[<prev] [next>] [<thread-prev] [thread-next>] [day] [month] [year] [list]
Message-Id: <20200415085437.23028-2-liuhangbin@gmail.com>
Date: Wed, 15 Apr 2020 16:54:36 +0800
From: Hangbin Liu <liuhangbin@...il.com>
To: bpf@...r.kernel.org
Cc: netdev@...r.kernel.org,
Toke Høiland-Jørgensen <toke@...hat.com>,
Jiri Benc <jbenc@...hat.com>,
Jesper Dangaard Brouer <brouer@...hat.com>,
Eelco Chaudron <echaudro@...hat.com>,
Alexei Starovoitov <ast@...nel.org>,
Daniel Borkmann <daniel@...earbox.net>,
Hangbin Liu <liuhangbin@...il.com>
Subject: [RFC PATCH bpf-next 1/2] xdp: add dev map multicast support
This is a prototype for xdp multicast support. In this implemention we
use map-in-map to store the multicast groups, because we may have both
include and exclude groups on one interface.

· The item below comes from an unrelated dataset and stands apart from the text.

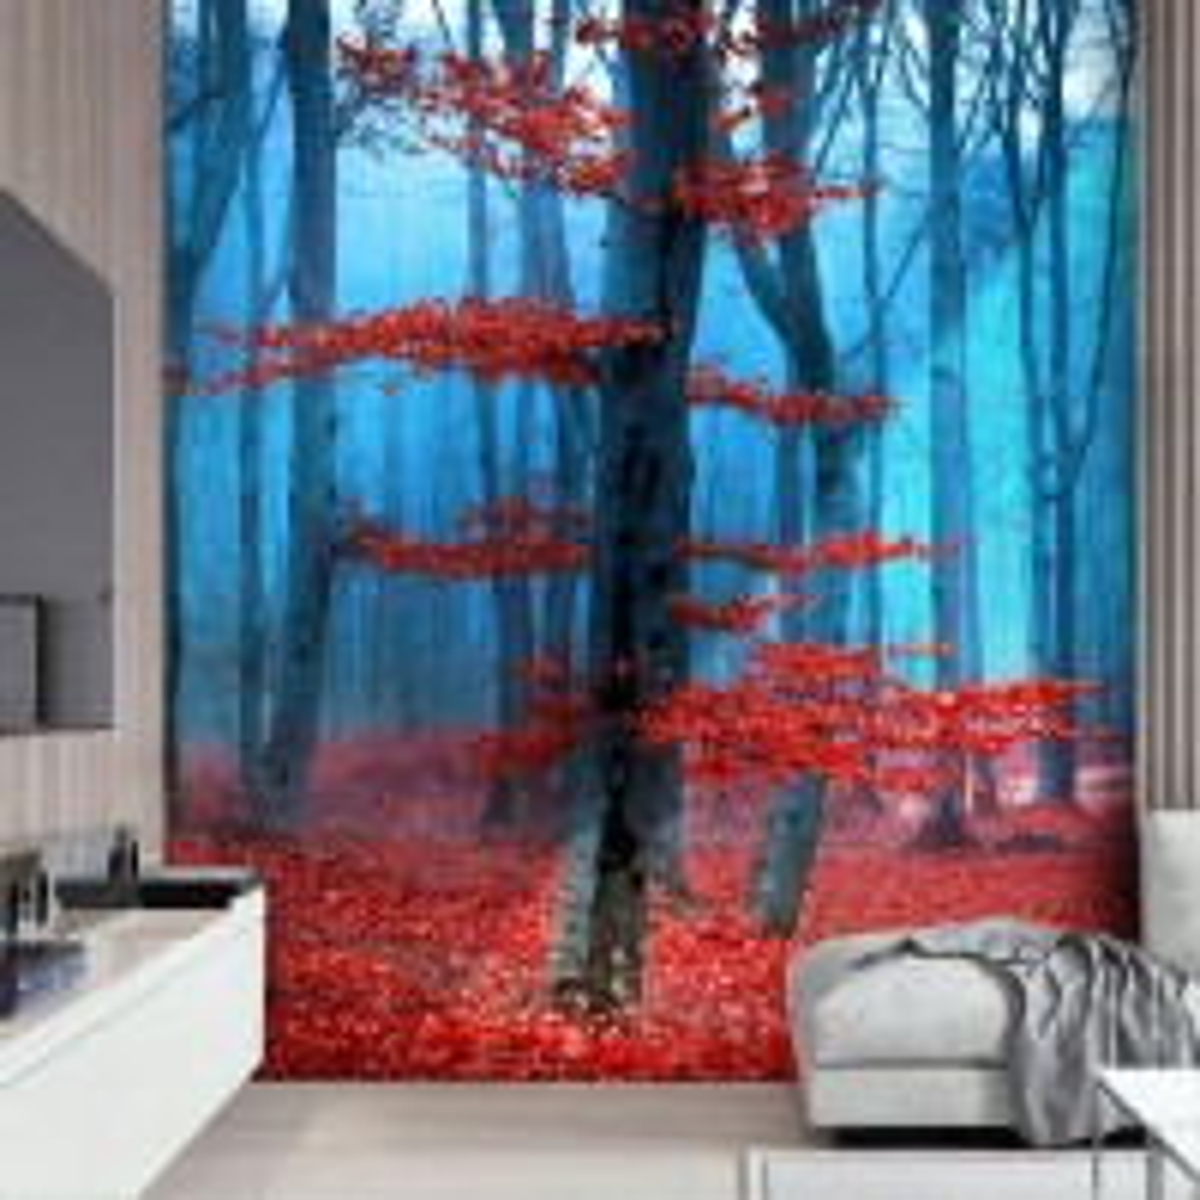 Red Forest Landscape Wallpaper Mural

The include and exclude groups are seperated by a 32 bits map key.
the high 16 bits keys are used for include groups and low 16 bits
keys are for exclude groups.
The general data path is kept in net/core/filter.c. The native data
path is in kernel/bpf/devmap.c so we can use direct calls to
get better performace.
Signed-off-by: Hangbin Liu <liuhangbin@...il.com>
---
include/linux/bpf.h | 29 +++++++++++
include/net/xdp.h | 1 +
kernel/bpf/arraymap.c | 2 +-
kernel/bpf/devmap.c | 118 ++++++++++++++++++++++++++++++++++++++++++
kernel/bpf/hashtab.c | 2 +-
kernel/bpf/verifier.c | 15 +++++-
net/core/filter.c | 69 +++++++++++++++++++++++-
net/core/xdp.c | 26 ++++++++++
8 files changed, 256 insertions(+), 6 deletions(-)

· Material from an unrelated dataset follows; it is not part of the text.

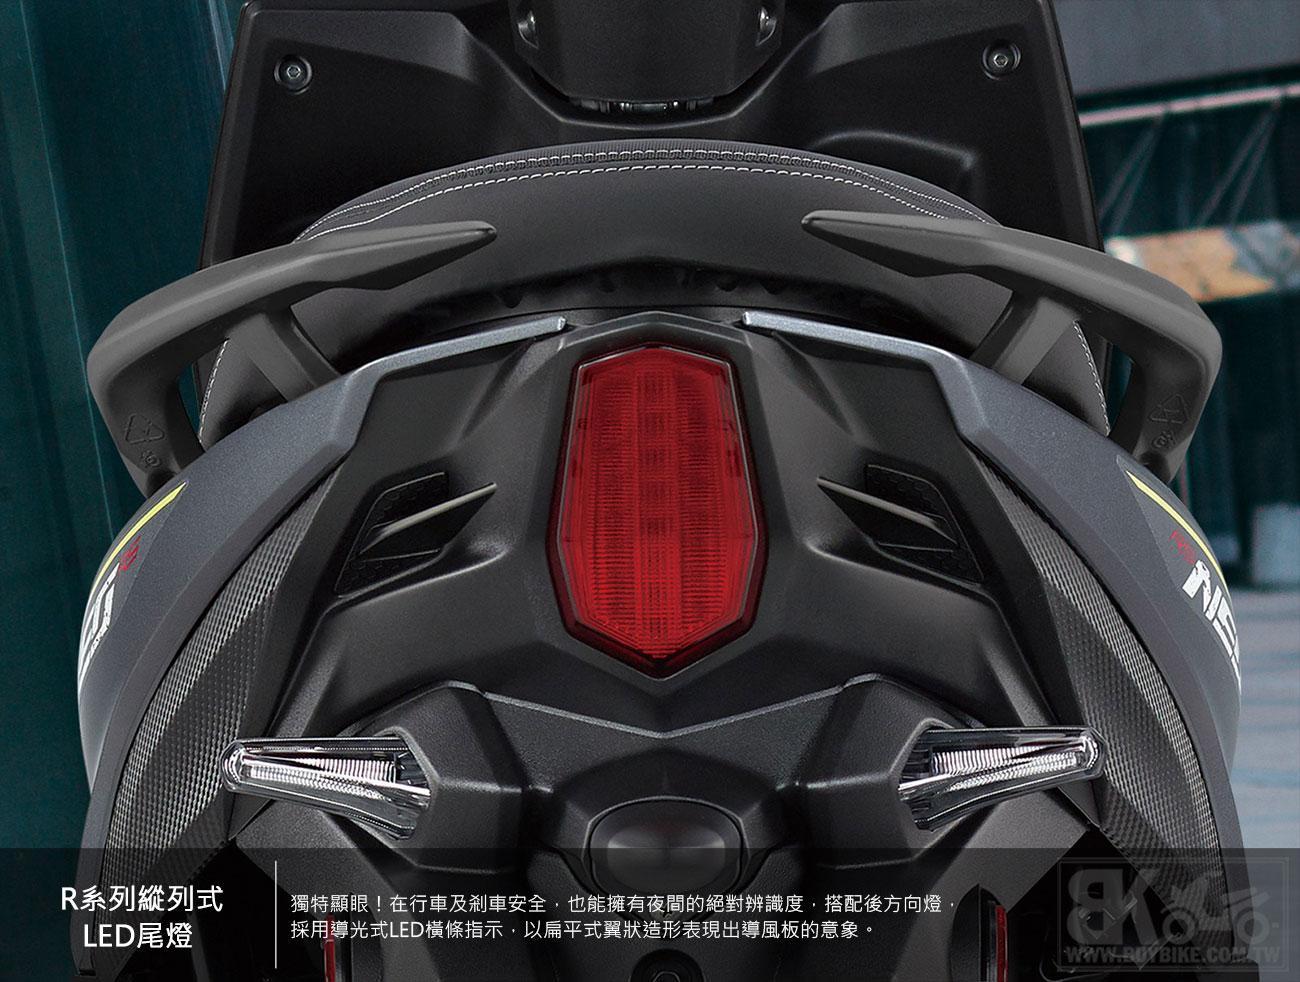 06.R系列縱列式LED尾燈

diff --git a/include/linux/bpf.h b/include/linux/bpf.h
index fd2b2322412d..72797667bca8 100644
--- a/include/linux/bpf.h
+++ b/include/linux/bpf.h
@@ -1156,11 +1156,17 @@ struct sk_buff;
struct bpf_dtab_netdev *__dev_map_lookup_elem(struct bpf_map *map, u32 key);
struct bpf_dtab_netdev *__dev_map_hash_lookup_elem(struct bpf_map *map, u32 key);
+void *array_of_map_lookup_elem(struct bpf_map *map, void *key);
+void *htab_of_map_lookup_elem(struct bpf_map *map, void *key);
void __dev_flush(void);
int dev_xdp_enqueue(struct net_device *dev, struct xdp_buff *xdp,
struct net_device *dev_rx);
int dev_map_enqueue(struct bpf_dtab_netdev *dst, struct xdp_buff *xdp,
struct net_device *dev_rx);
+bool dev_in_exclude_map(struct bpf_dtab_netdev *obj, struct bpf_map *map);
+int dev_map_enqueue_multi(struct xdp_buff *xdp, struct net_device *dev_rx,
+ struct bpf_map *map, u32 index);
+
int dev_map_generic_redirect(struct bpf_dtab_netdev *dst, struct sk_buff *skb,
struct bpf_prog *xdp_prog);
@@ -1276,6 +1282,16 @@ static inline struct net_device *__dev_map_hash_lookup_elem(struct bpf_map *map
return NULL;
}
+static void *array_of_map_lookup_elem(struct bpf_map *map, void *key)
+{
+
+}
+
+static void *htab_of_map_lookup_elem(struct bpf_map *map, void *key)
+{
+
+}
+
static inline void __dev_flush(void)
{
}
@@ -1297,6 +1313,19 @@ int dev_map_enqueue(struct bpf_dtab_netdev *dst, struct xdp_buff *xdp,
return 0;
}
+static inline
+bool dev_in_exclude_map(struct bpf_dtab_netdev *obj, struct bpf_map *map)
+{
+ return true;
+}
+
+static inline
+int dev_map_enqueue_multi(struct xdp_buff *xdp, struct net_device *dev_rx,
+ struct bpf_map *map, u32 index)
+{
+ return 0;
+}
+
struct sk_buff;
static inline int dev_map_generic_redirect(struct bpf_dtab_netdev *dst,
diff --git a/include/net/xdp.h b/include/net/xdp.h
index 40c6d3398458..a214dce8579c 100644
--- a/include/net/xdp.h
+++ b/include/net/xdp.h
@@ -92,6 +92,7 @@ static inline void xdp_scrub_frame(struct xdp_frame *frame)
}
struct xdp_frame *xdp_convert_zc_to_xdp_frame(struct xdp_buff *xdp);
+struct xdp_frame *xdpf_clone(struct xdp_frame *xdpf);
/* Convert xdp_buff to xdp_frame */
static inline
diff --git a/kernel/bpf/arraymap.c b/kernel/bpf/arraymap.c
index 95d77770353c..26ac66a05015 100644
--- a/kernel/bpf/arraymap.c
+++ b/kernel/bpf/arraymap.c
@@ -1031,7 +1031,7 @@ static void array_of_map_free(struct bpf_map *map)
fd_array_map_free(map);
}
-static void *array_of_map_lookup_elem(struct bpf_map *map, void *key)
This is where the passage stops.